Optional Breathing: Activating the Diaphragm
The everyday experiences of breathing for most untrained individuals is much more inconsistent than one would assume. Practices in yoga often first teach individuals to observe their own breathing to ultimately familiarize the student with the sensations of respiration. Thus, one meaningful aspect in learning breathing techniques is the awareness in the difference in smooth, even breathing to erratic breathing. Modifications in respiratory patterns come naturally to some individuals after one lesson, however, it may take up to six months to replace bad habits, and ultimately change the way one breathes (Sovik, 2000). The general rule, often noted in studies, and particularly observed by Gallego et al. (2001) was that if a voluntary act is repeated, “learning occurs, and the neurophysiological and cognitive processes underpinning its control may change.” Gallego et al. continue that while some changes can be made.
Although the diaphragm is one of the primary organs responsible for respiration, it is believed by some yogics to be under functioning in many people (Sovik, 2000). Thus, there is often emphasis placed upon diaphragmatic breathing, rather than the use of the overactive chest muscles. Anatomically the diaphragm sits beneath the lungs and is above the organs of the abdomen. It is the separation between cavities of the torso (the upper or thoracic and the lower or abdominal). It is attached at the base of the ribs, the spine, and the sternum. As describe earlier, when the diaphragm contracts the middle fibers, which are formed in a dome shape, descend into the abdomen, causing thoracic volume to increase (and pressure to fall), thus drawing air into the lungs.
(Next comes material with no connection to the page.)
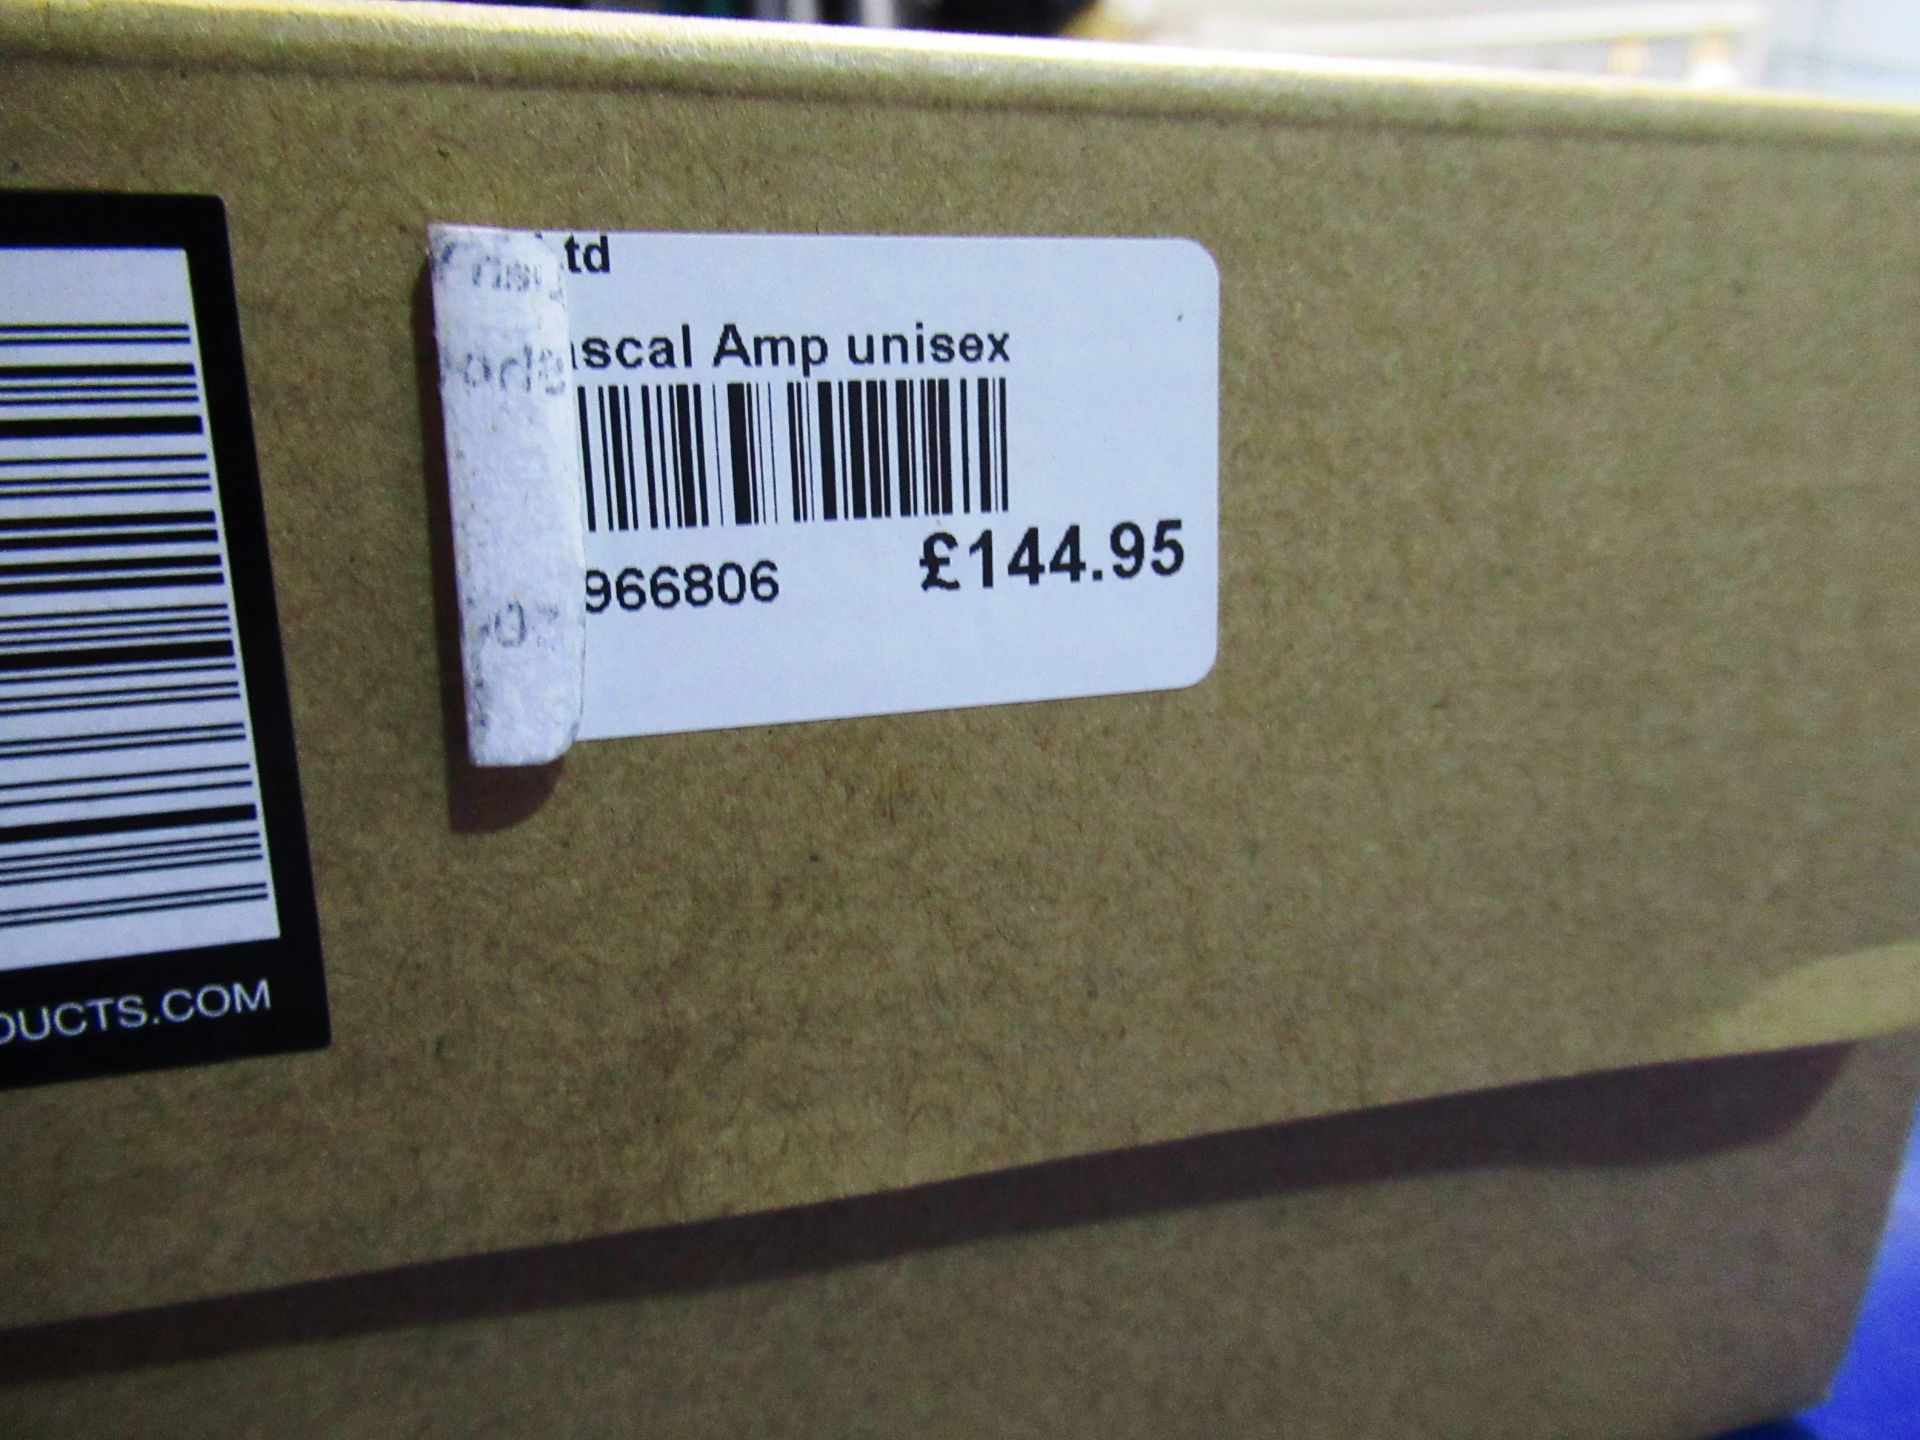 Ion Rascle AMP unisex shoes, size 43 (UK size 9.5) (White) - Image 4 of 4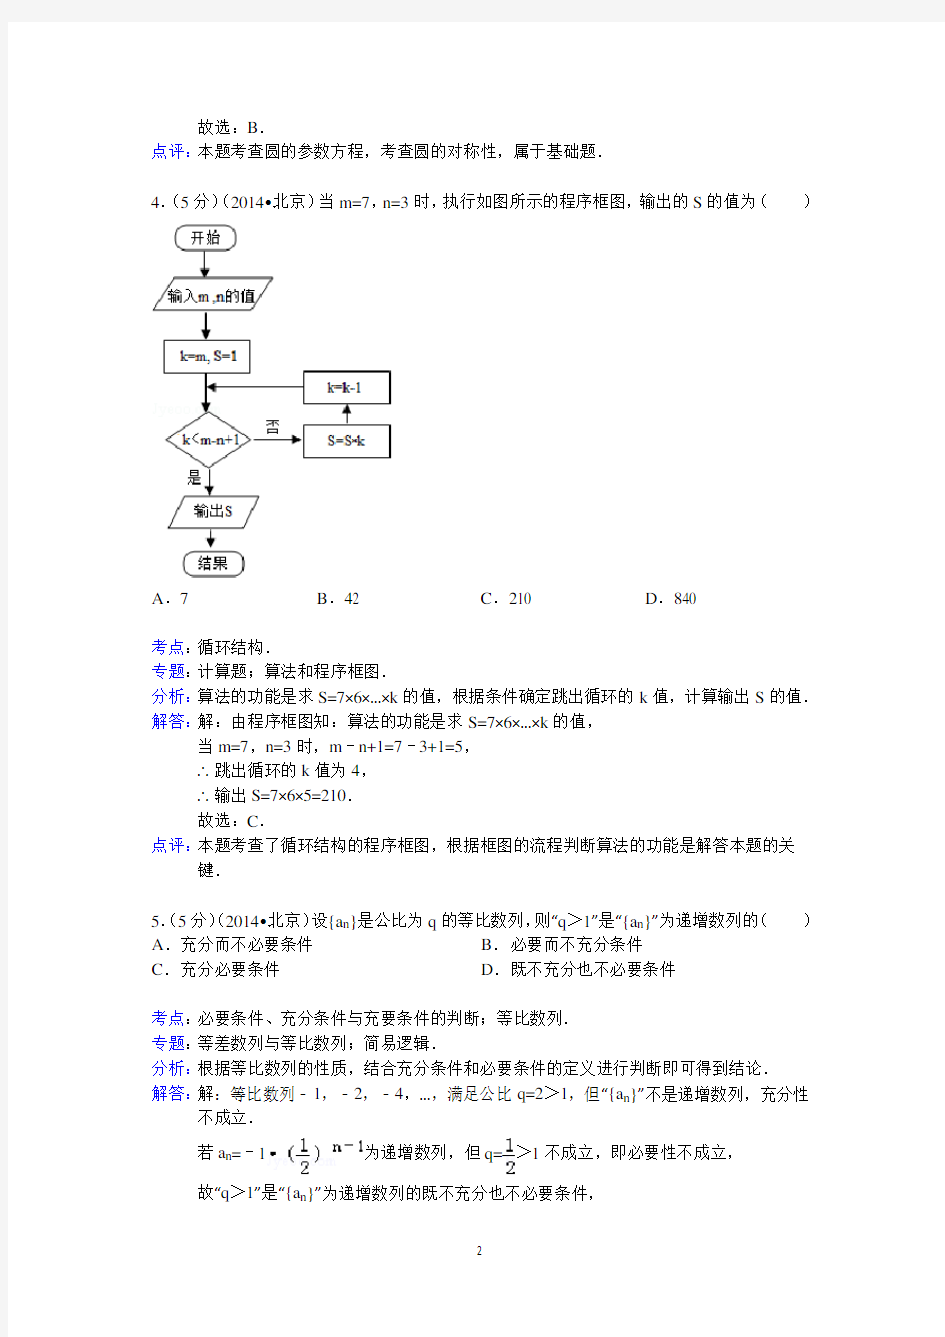 (完整版)2014年北京市高考数学试卷(理科)答案与解析

The practice of proper breathing techniques is aimed at eliminating misused accessory chest muscles, with more emphasis on diaphragmatic breathing.
With diaphragmatic breathing the initial focus of attention is on the expansion of the abdomen, sometimes referred to as abdominal or belly breathing. Have a client place one hand on the abdomen above the navel to feel it being pushed outward during the inhalations. Next, the breathing focus includes the expansion of the rib cage during the inhalation. To help a student learn this, try placing the edge of the hands alongside the rib cage (at the level of the sternum); correct diaphragmatic breathing will elicit a noticeable lateral expansion of the rib cage. Diaphragmatic breathing should be practiced in the supine, prone and erect positions, as these are the functional positions of daily life. Finally, the diaphragmatic breathing is integrated with physical movements, asanas, during meditation and during relaxation. Analogous to the seasoned cyclist, who is able to maintain balance effortlessly while cycling, the trained practitioner in diaphragmatic breathing can focus attention on activities of daily life while naturally doing diaphragmatic breathing. To summarize, Sovik suggests the characteristics of optimal breathing (at rest) are that it is diaphragmatic, nasal (inhalation and exhalation), smooth, deep, even, quiet and free of pauses.